▶ _What the task asks_
All of the data below should be printed again word for word, pictures excluded.

▶ _Data to examine_
-.-.-

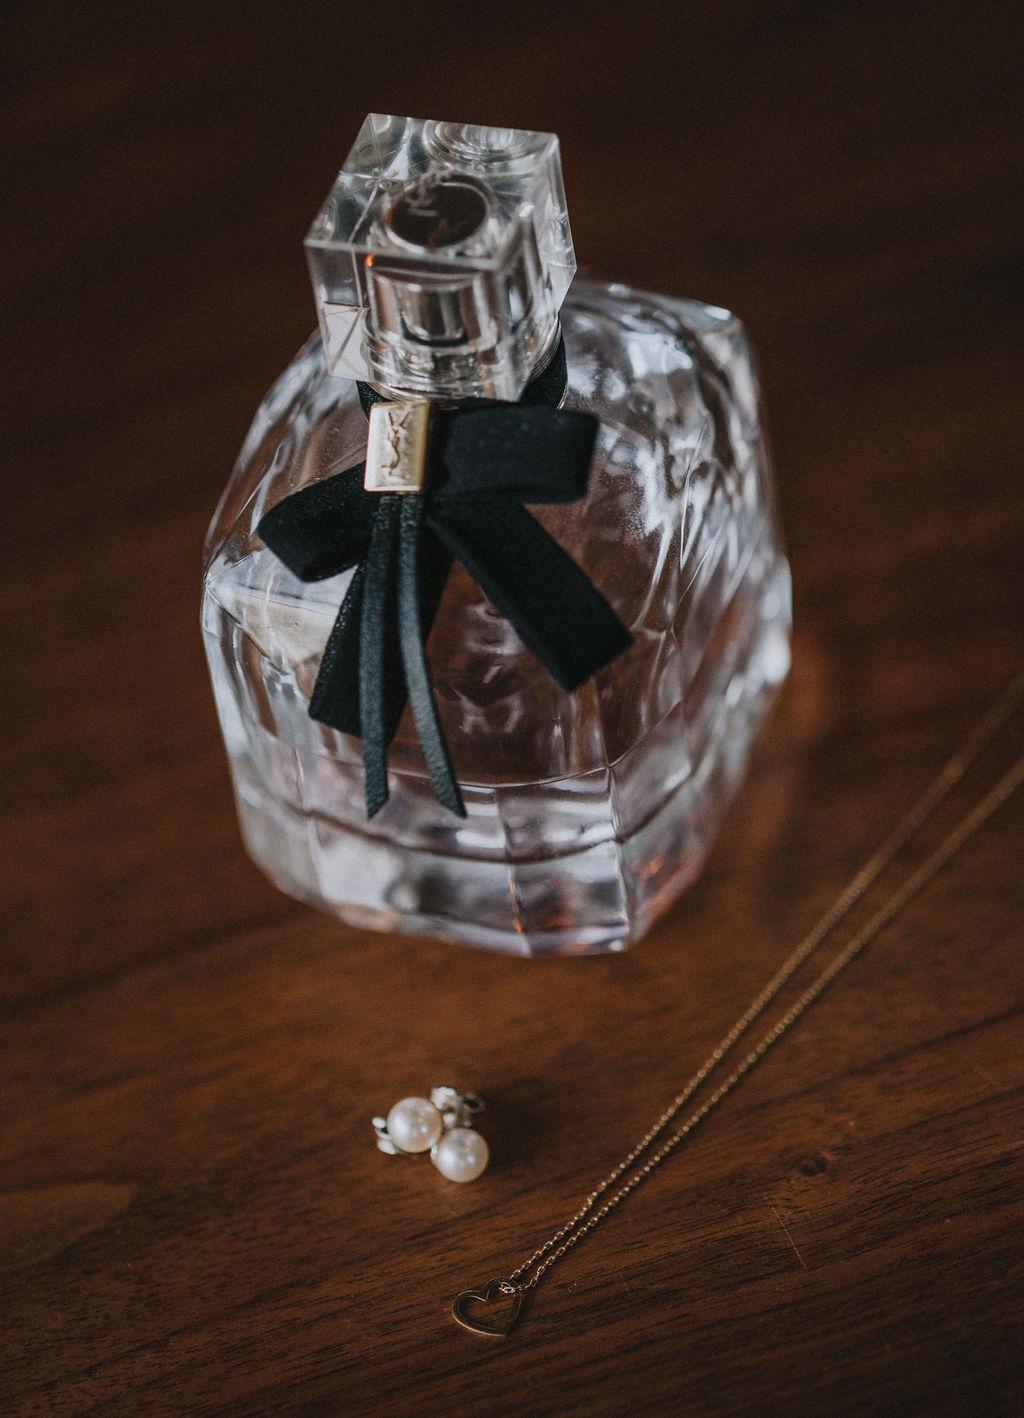 Zweiteiliges Brautkleid aus Braut Body mit Boho Spitze und langem Tüllrock (Foto: a-Stone photography & film)
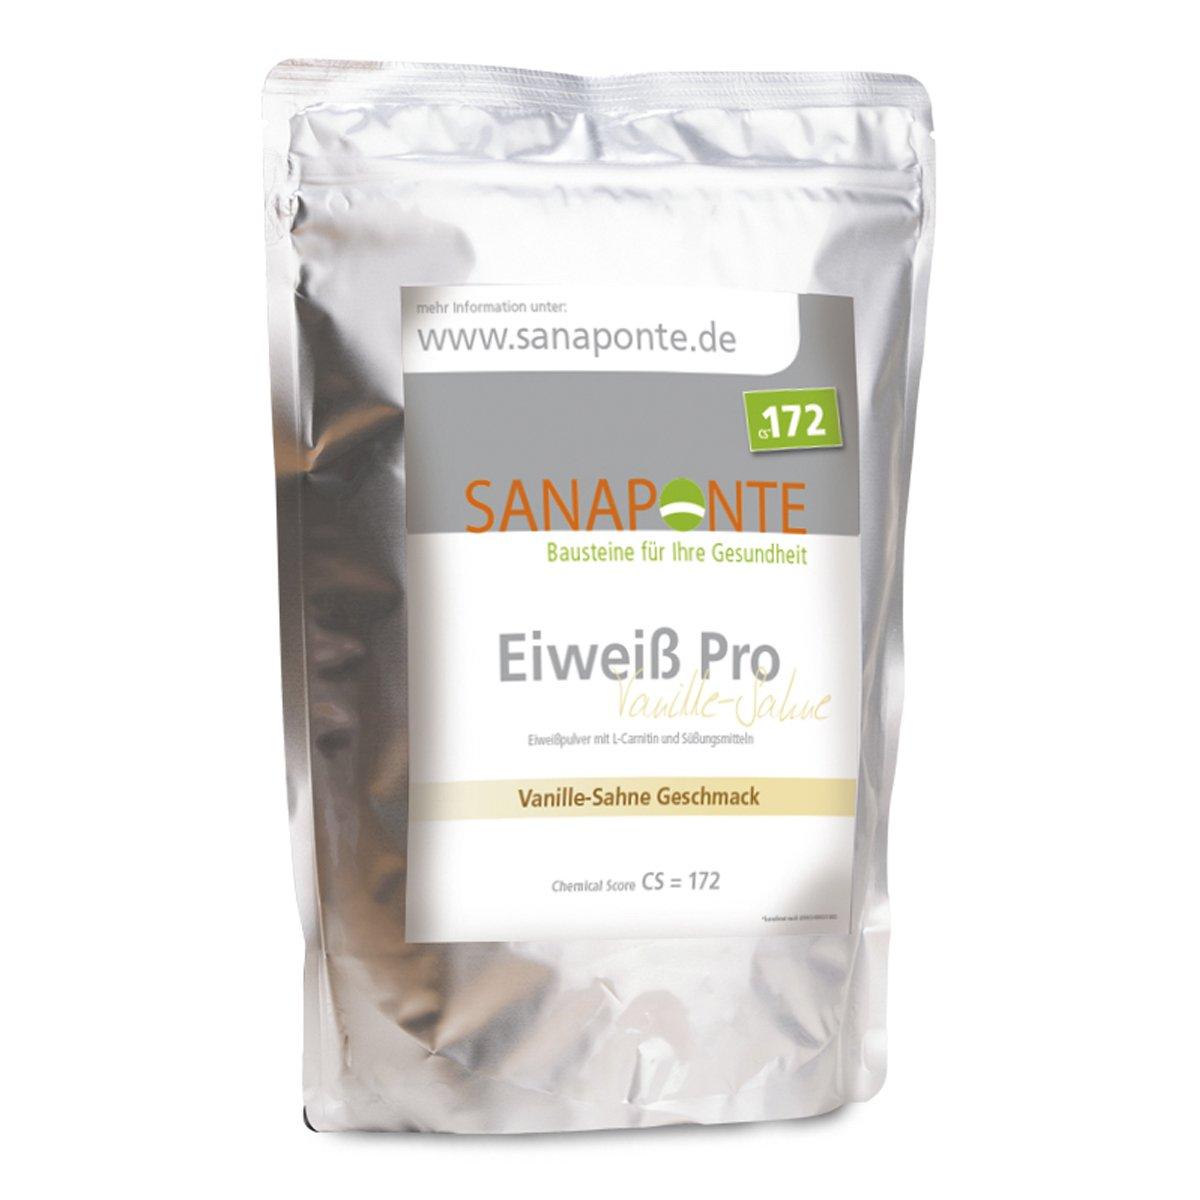 SANAPONTE Eiweiß Pro | 1000g hochdosiertes Eiweißpulver/Proteinpulver mit bcaa | Vanille- Sahne Geschmack | Bei Eiweiß-Mangel, Belastung, Stress & zum Abnehmen | Nahrungsergänzungsmittel für Kraft-Sport & Ausdauer-Sport / Eiweißshake / Eiweiß Pulver mit L- Carnitin / Whey Eiweiß / 3 K Eiweiß / Protein Pulver / Eiweiß Shake product image
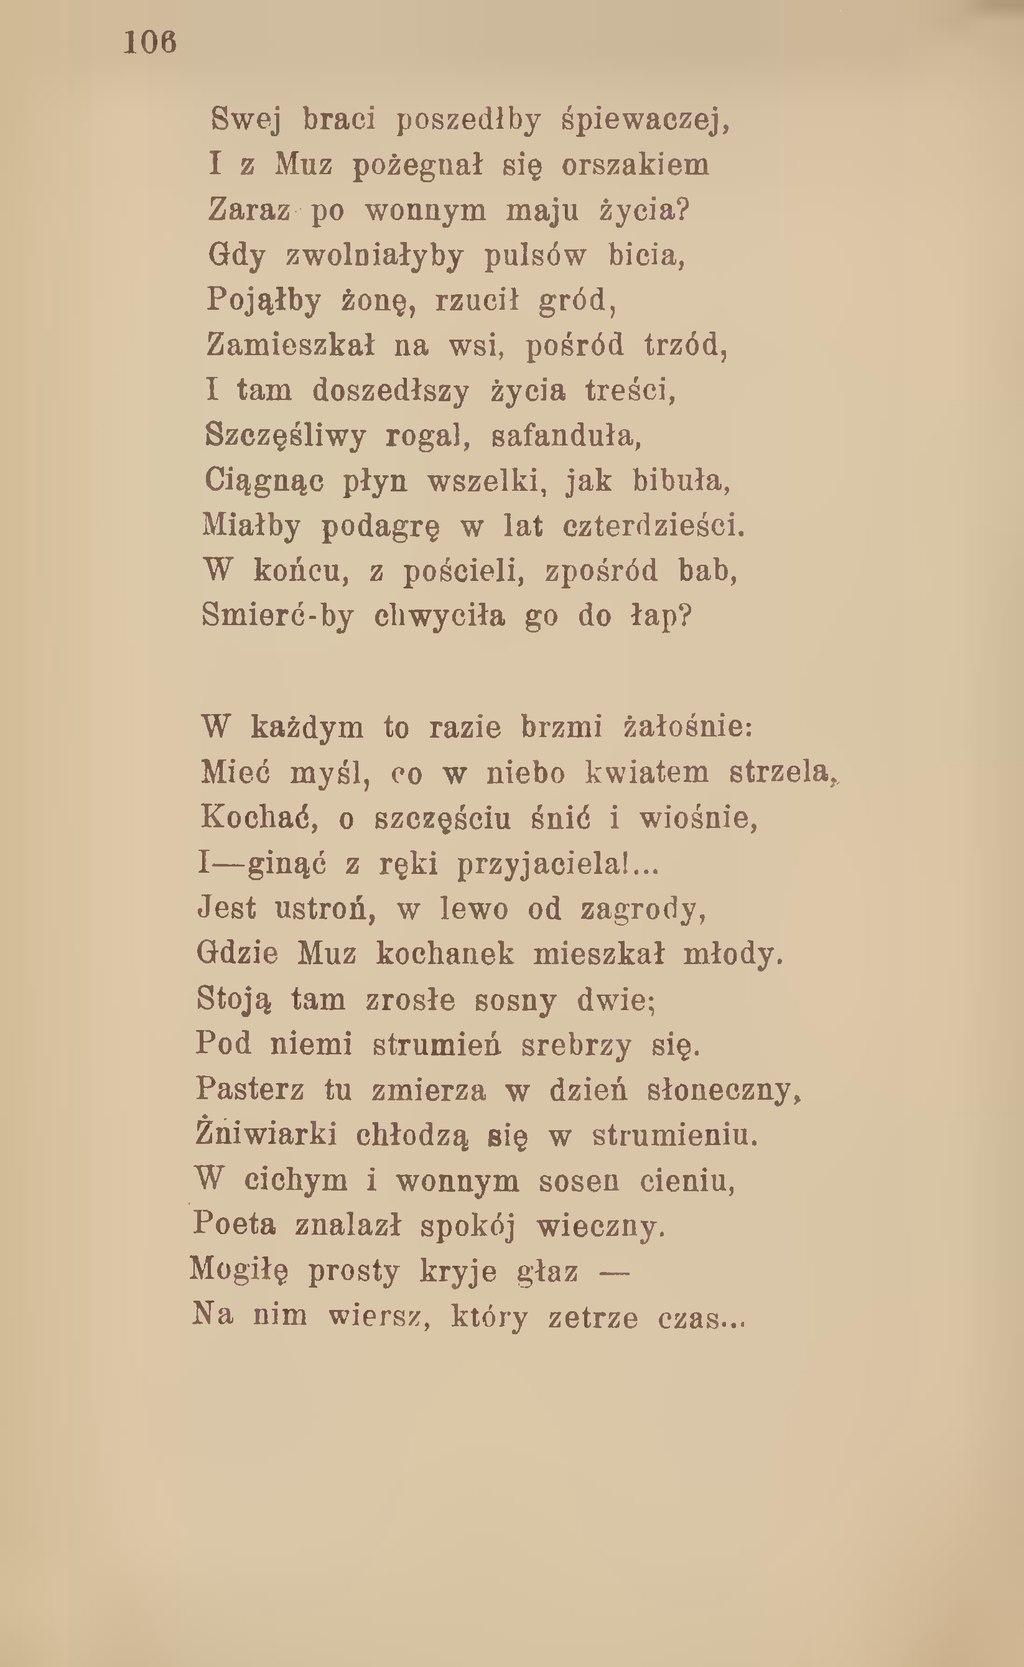 Stronagomulickiego Wiktora Wiersze Zbiór Nowydjvu109
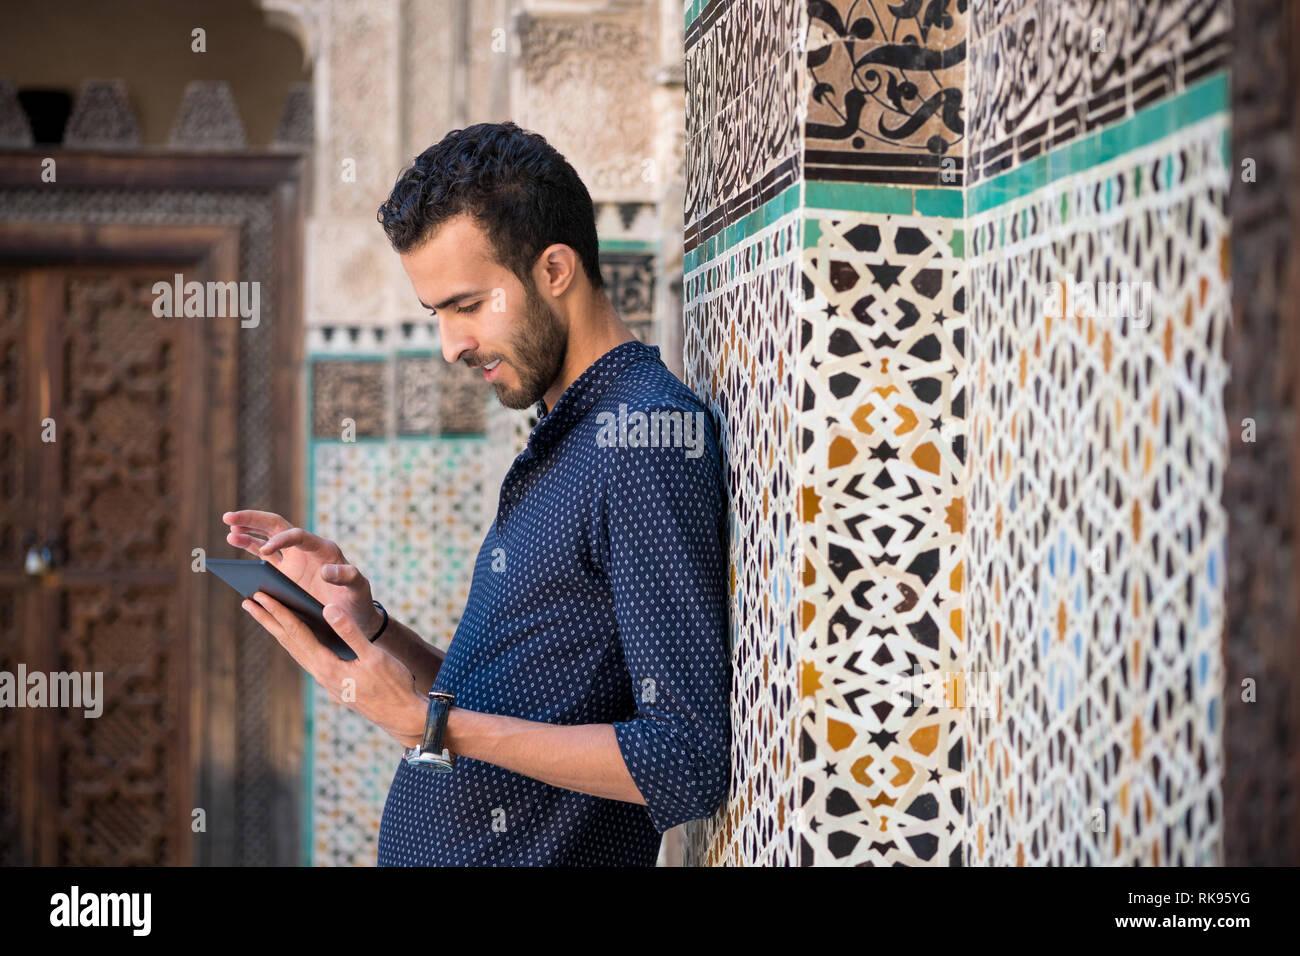 Joven musulmلn en ropa casual y sonriente trabaja en Tablet en ambiente árabe tradicional Imagen De Stock
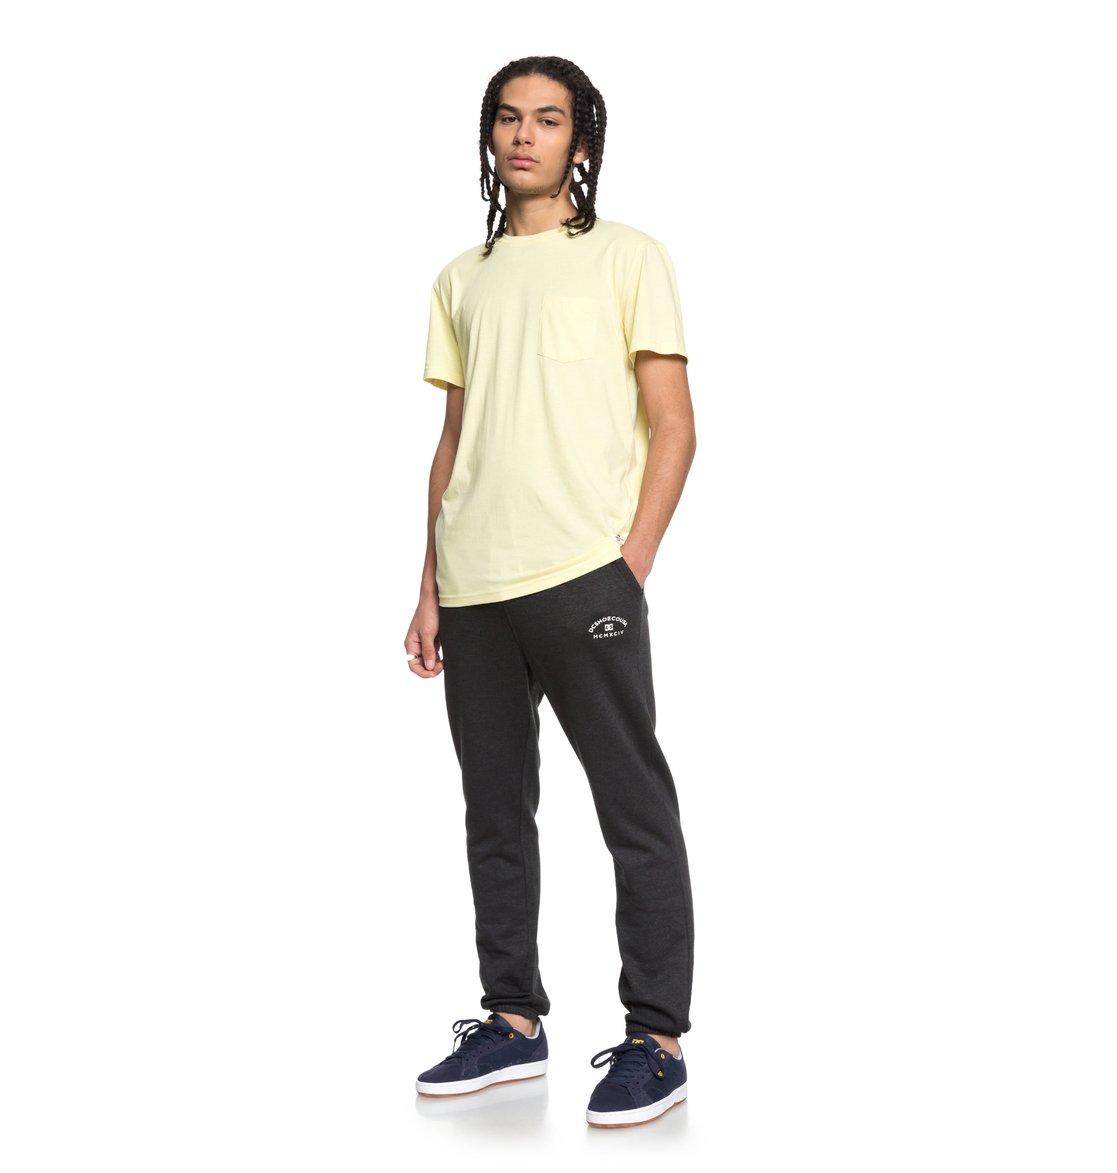 DC-Shoes-Rebel-Pantalon-de-Chandal-para-Hombre-EDYFB03048
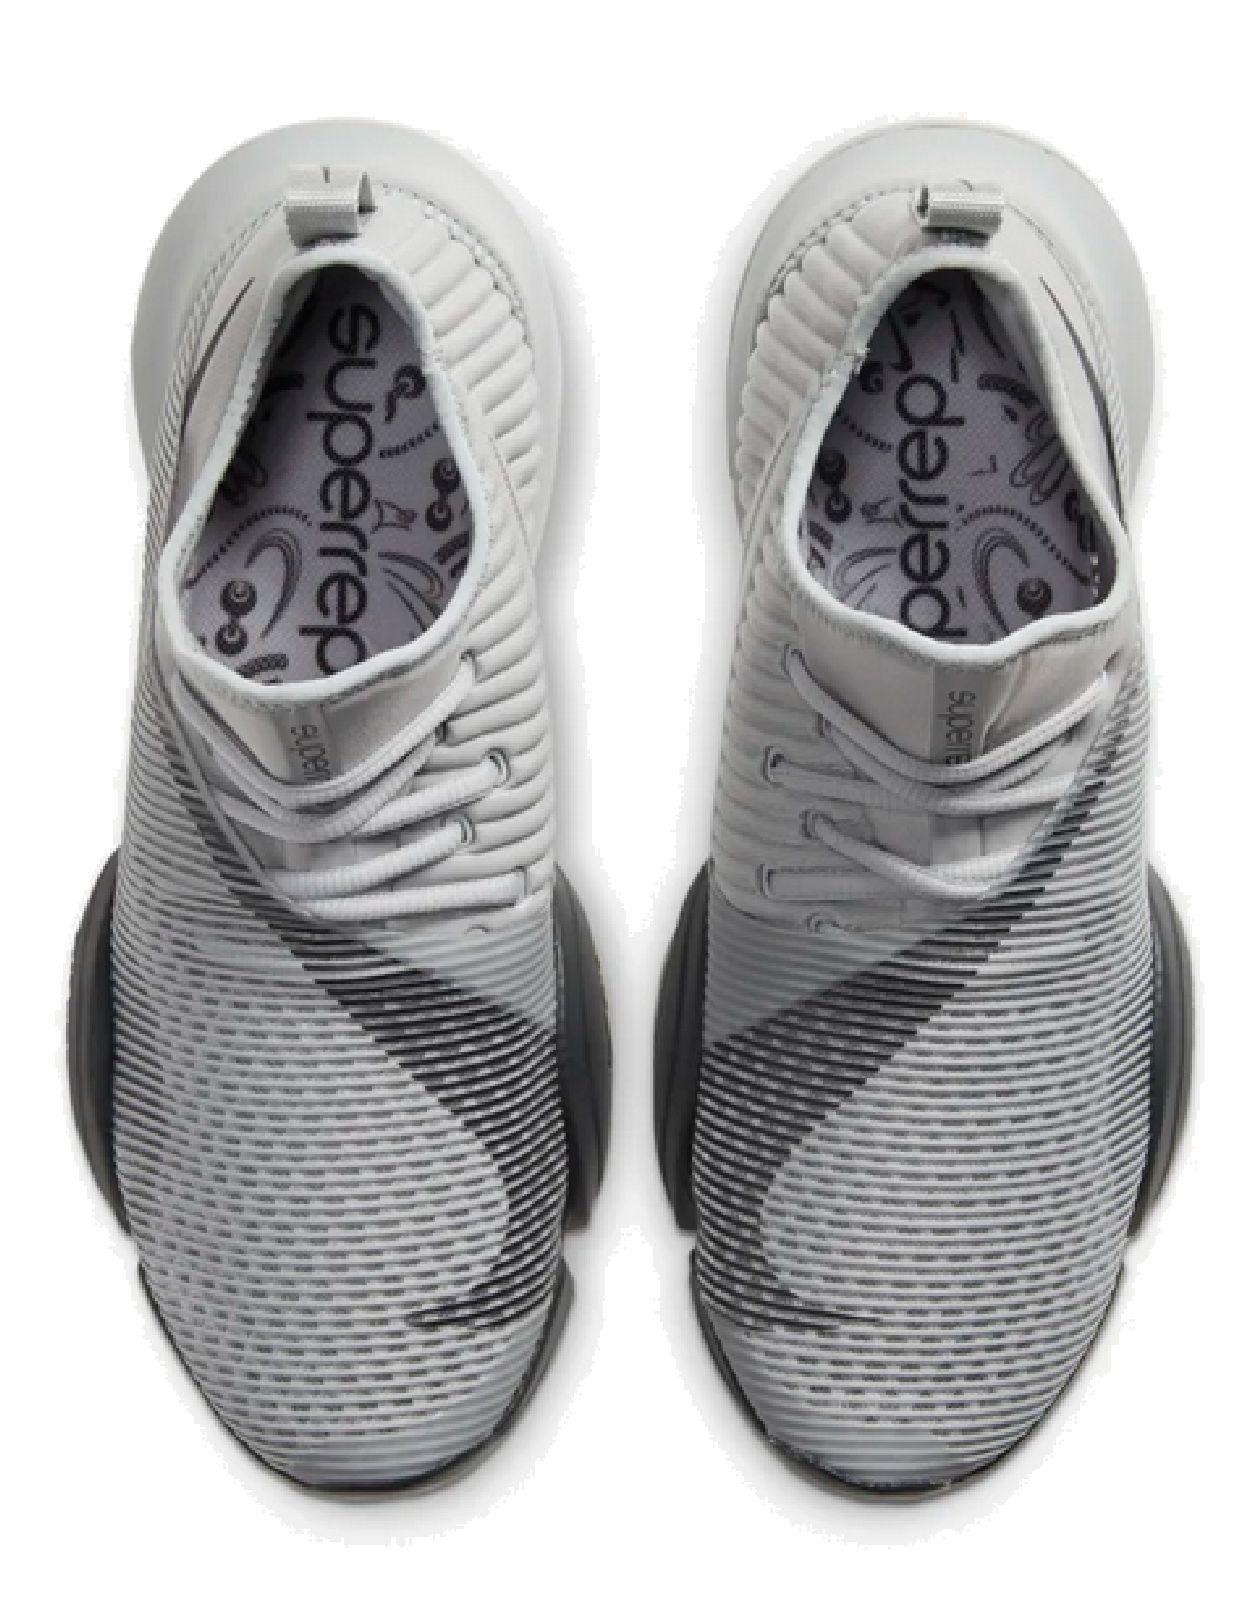 Nike Herren-Sport-Fitness-Freizeit-Schuhe Workoutschuhe LEGEND TRAINER schwarz

-.-.-

▶ _Exercise response_
 Zweiteiliges Brautkleid aus Braut Body mit Boho Spitze und langem Tüllrock (Foto: a-Stone photography & film)
 SANAPONTE Eiweiß Pro | 1000g hochdosiertes Eiweißpulver/Proteinpulver mit bcaa | Vanille- Sahne Geschmack | Bei Eiweiß-Mangel, Belastung, Stress & zum Abnehmen | Nahrungsergänzungsmittel für Kraft-Sport & Ausdauer-Sport / Eiweißshake / Eiweiß Pulver mit L- Carnitin / Whey Eiweiß / 3 K Eiweiß / Protein Pulver / Eiweiß Shake product image
 Stronagomulickiego Wiktora Wiersze Zbiór Nowydjvu109
 Joven musulmلn en ropa casual y sonriente trabaja en Tablet en ambiente árabe tradicional Imagen De Stock
 DC-Shoes-Rebel-Pantalon-de-Chandal-para-Hombre-EDYFB03048
 Nike Herren-Sport-Fitness-Freizeit-Schuhe Workoutschuhe LEGEND TRAINER schwarz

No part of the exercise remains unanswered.